Nearly one-third of Baltimore principals are facing disciplinary action over high student absenteeism, drawing the ire of a union leader who has fired back that parents are the problem, not schools.

Baltimore schools interim CEO Tisha Edwards said 61 principals will be placed on performance improvement plans because their schools have large percentages of students who are at-risk for being chronically absent — missing more than 20 days in an academic year — by the end of the school year.

The plans, known as PIPs, are allowed under the union contract and historically have been used as punitive measures that can be precursors to dismissal.

"This is not about firing principals," Edwards said. "This is about the fact that we have an obligation to work with families to get children to school, and that's not happening. Principals have a leadership role that not all of them are owning."

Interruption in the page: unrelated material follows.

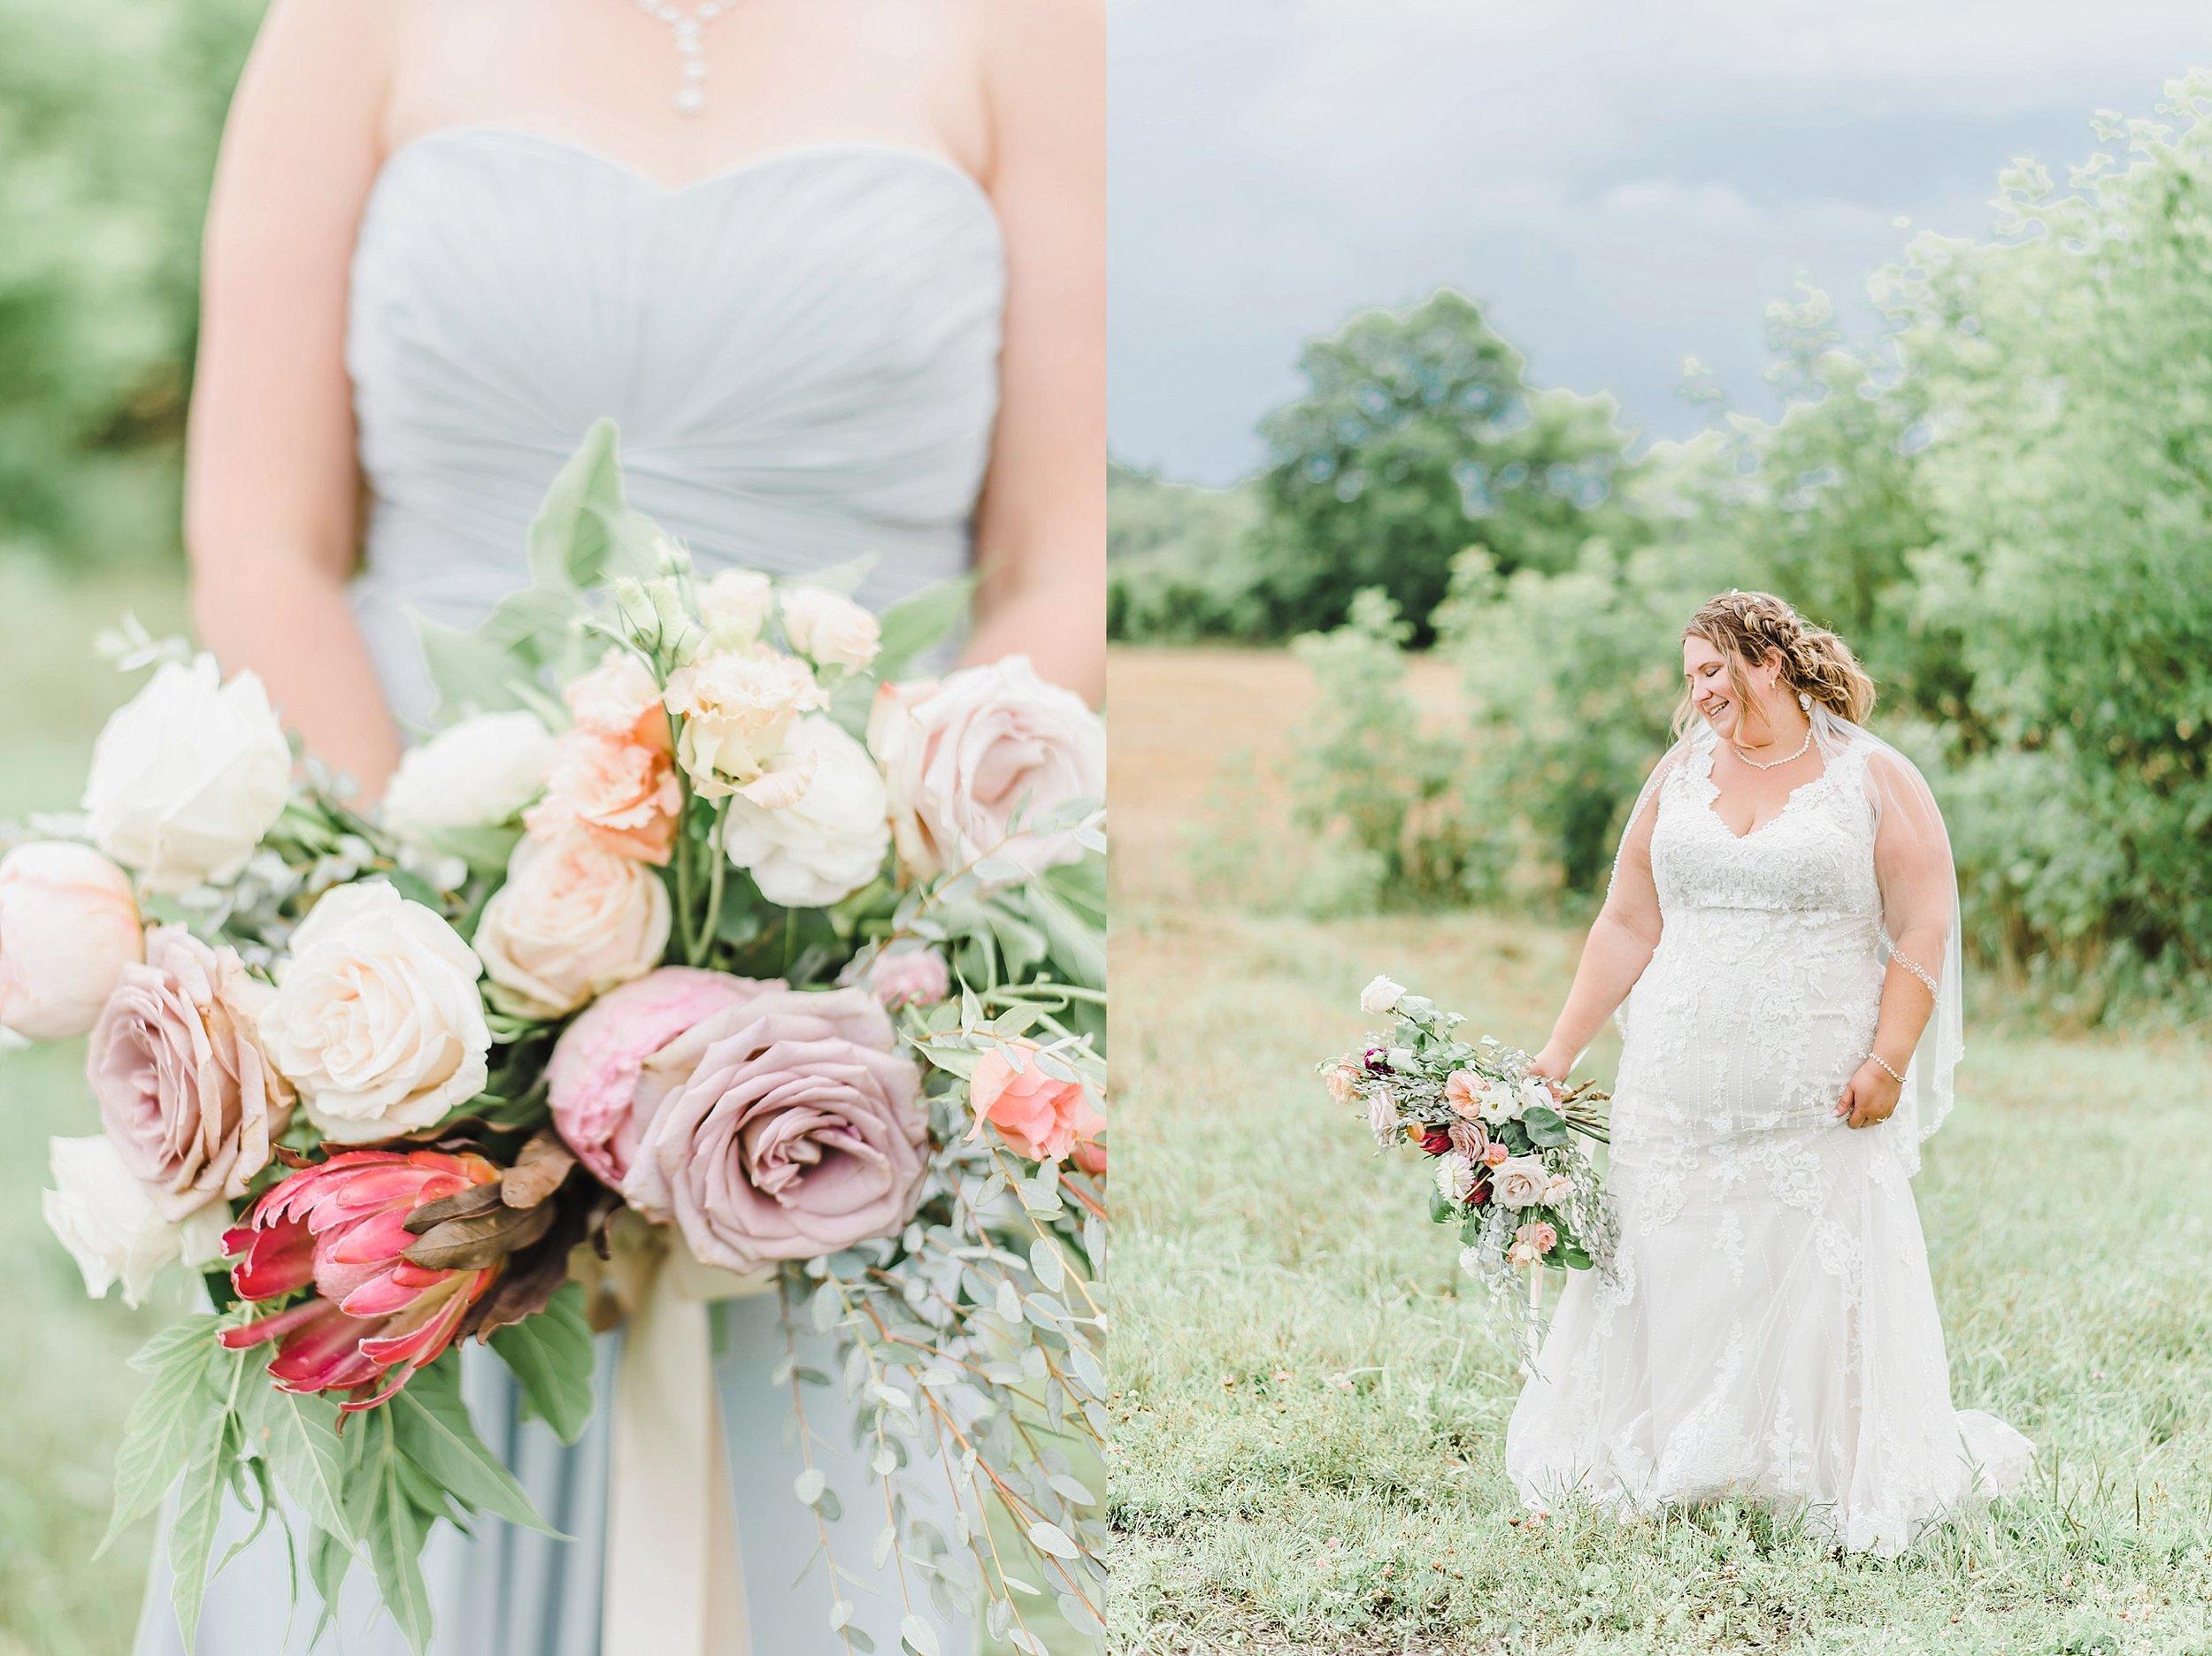 light airy indie fine art ottawa wedding photographer | Ali and Batoul Photography_0418.jpg

But Jimmy Gittings, president of the administrators union, said use of the plans is an extreme measure that holds principals responsible for a problem that ultimately lies with parents.

"We're emphatically against placing our principals on performance plans for something they have no control over," Gittings said. "The individuals who need to be placed on PIPs are the parents of the students who have the constant problem of getting their children to school."

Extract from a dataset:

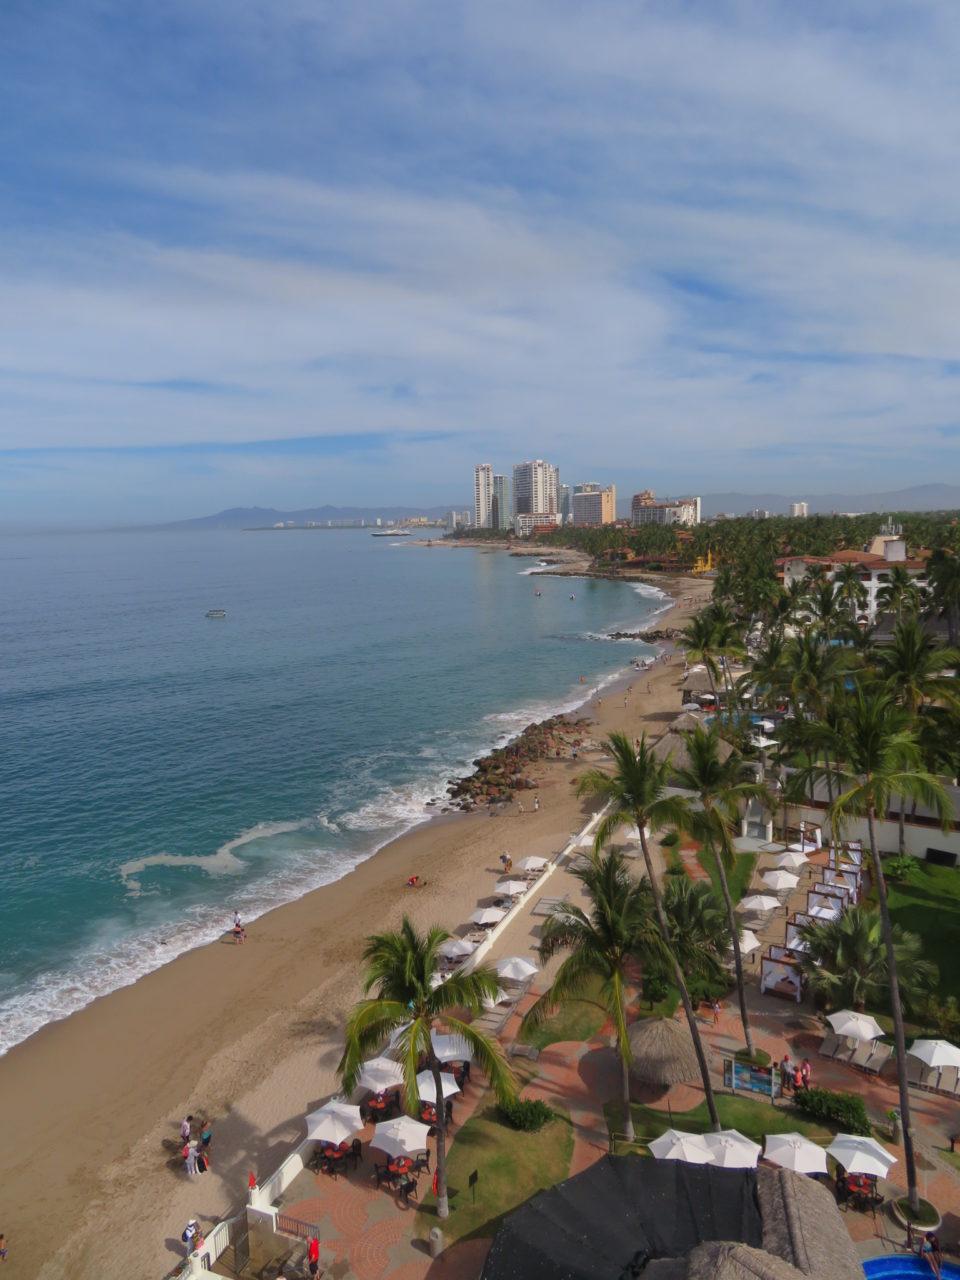 Some of the many inviting beaches of Puerto Vallarta

This school year is on track to be the fourth in a row during which about a quarter of the system's students will miss more than 10 percent of school days, Edwards said. Last year, 23 percent of all city school students were chronically absent.

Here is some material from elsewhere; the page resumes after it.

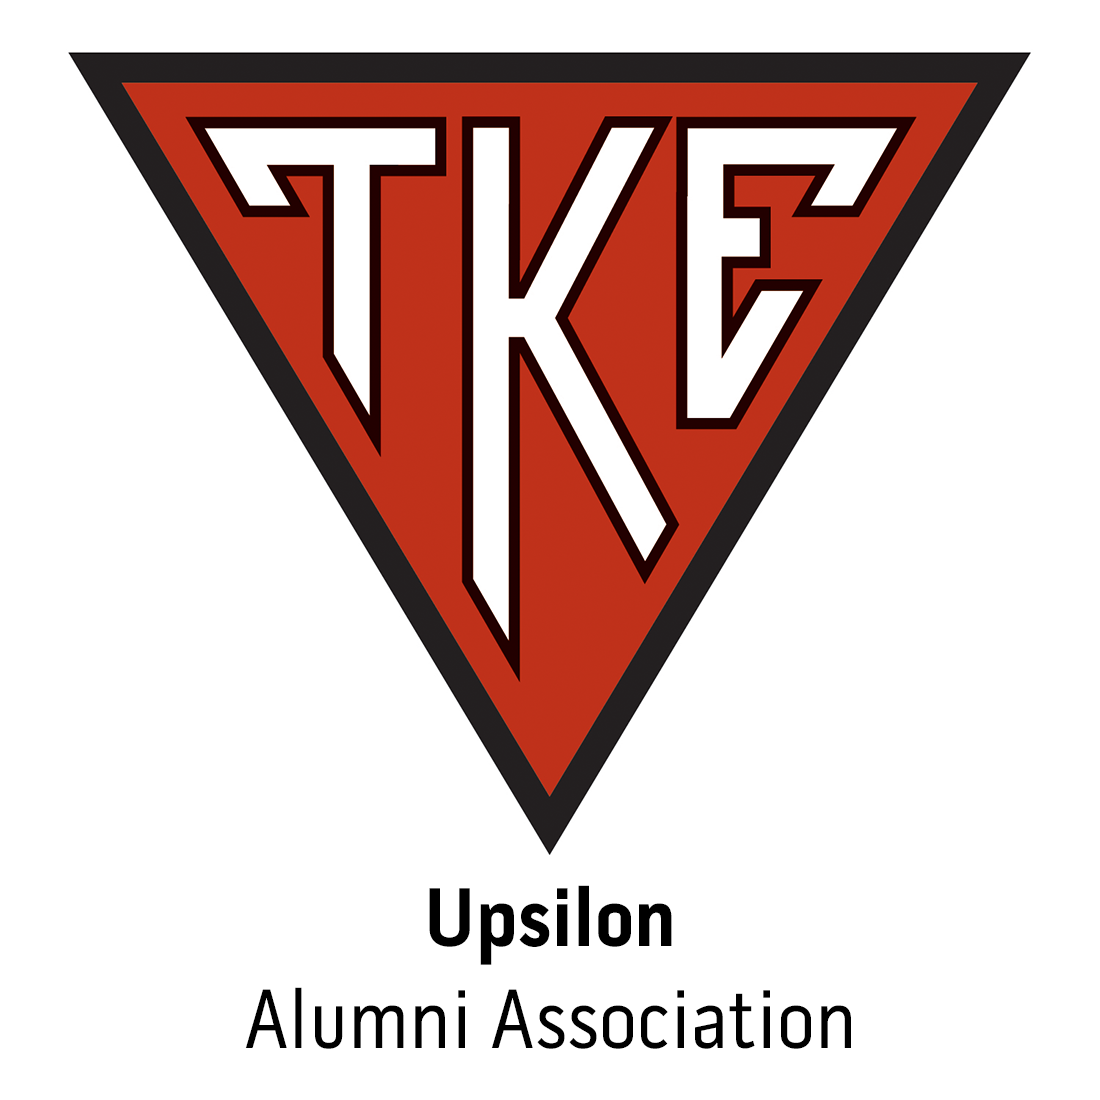 Upsilon Alumni Association for University of Michigan

Edwards said principals can do more to identify students who are at-risk of joining those statistics.

She highlighted one example in which school officials failed to follow up with the parents of a number of students who had missed several days of school. Had officials done so, they would have known that the students suffered from chronic illnesses and could have sent classwork home or offered services such as tutoring.

Edwards, who will run the school system until June 30, when new CEO Gregory Thornton takes over, acknowledged in some cases there's not much a principal can do to ensure students attend class. But, she said, efforts have to be made. She added that principals can be removed from PIPs if they meet certain requirements.

"I know that there are problems beyond the principals' control," Edwards said. "You can't solve all of the problems, but you also can't solve the ones you don't know about."

In addition to ordering the 61 PIPs, Edwards plans to send 26 of the district's 31 charter schools "letters of concern" for not consistently submitting attendance records or for having a high percentage of students considered "at-risk" of chronic absenteeism.

If the issues outlined in the letters are not addressed, that will be factored into whether a charter school's contract is renewed.

In a statement, the Coalition of Baltimore Charter Schools pointed out that its schools have been recognized by the city school board for high attendance and for their work to address chronic absenteeism.

"We know that this work requires a level of long-term vision, planning, and coordination that is both strategic and supportive," Will McKenna, co-chair of the coalition, said. "Putting principals on PIPs and sending out letters of concern at this time of year are short-sighted, punitive steps that will do more harm than good and will do nothing substantive to address the issue at hand."

Edwards said that in many cases, charter schools have different methods of recording attendance and do not report absentee information to school headquarters' central attendance system as required.

Traditional schools also have trouble with record keeping, officials said, and some schools routinely don't mark any students absent.

The district's computerized attendance system automatically defaults to mark students present. If it is not manually changed, the attendance records are not accurate.

The performance plans also call for each school to submit its daily attendance at least 90 percent of the time.

When student achievement took a downturn three years ago, the district began emphasizing the need to improve attendance.

For example, on the Maryland School Assessments for math last year, there was a 23 percentage point performance gap between city students who were chronically absent and those who weren't, according to data compiled by the school system.

Chronically absent students also were found to be less likely to graduate from high school and more likely to drop out, school officials have said.

To determine whether a student is "at-risk" of missing more than 20 days of school, the district studied attendance patterns.

Gittings questioned the use of that data for PIPs, saying it could dramatically inflate what absentee rates end up being at the end of the year. Principals are usually evaluated on their actual year-end chronic absentee rates, rather than how many students could hypothetically miss 20 or more days. In other words, he said, principals feel they are begin punished for something that hasn't happened.

Gittings said he met with Edwards and suggested other ways to address the problem.

He said he negotiated with Edwards to reduce the number of principals placed on PIPs from 91 to 61, but he still plans to go before the city school board to protest the action.

He said a PIP "only destroys the morale of our administrators" and can be used to issue unsatisfactory evaluations and prevent principals from receiving pay increases at the end of the year.

Edwards denied any effort to avoid approving pay raises and said PIPs are meant to formalize a commitment by a principal and supervisor to fix specified issues. She said they also establish responsibility of the principals' supervisors to support and monitor their progress.

For principals to come off the PIPs at the end of the year, they must meet two of three requirements: increase the rate of submitting attendance records, create a plan to reduce the percentage of students considered at-risk for chronic absenteeism and reduce the at-risk rate by 1 percentage point.

Gittings said he worries administrators will be forced to place other staff, including teachers, social workers and staff responsible for attendance, on PIPs.

"Their jobs are hard enough providing quality education for our students," he said. "Now management wants them to take on responsibility of being mother and father."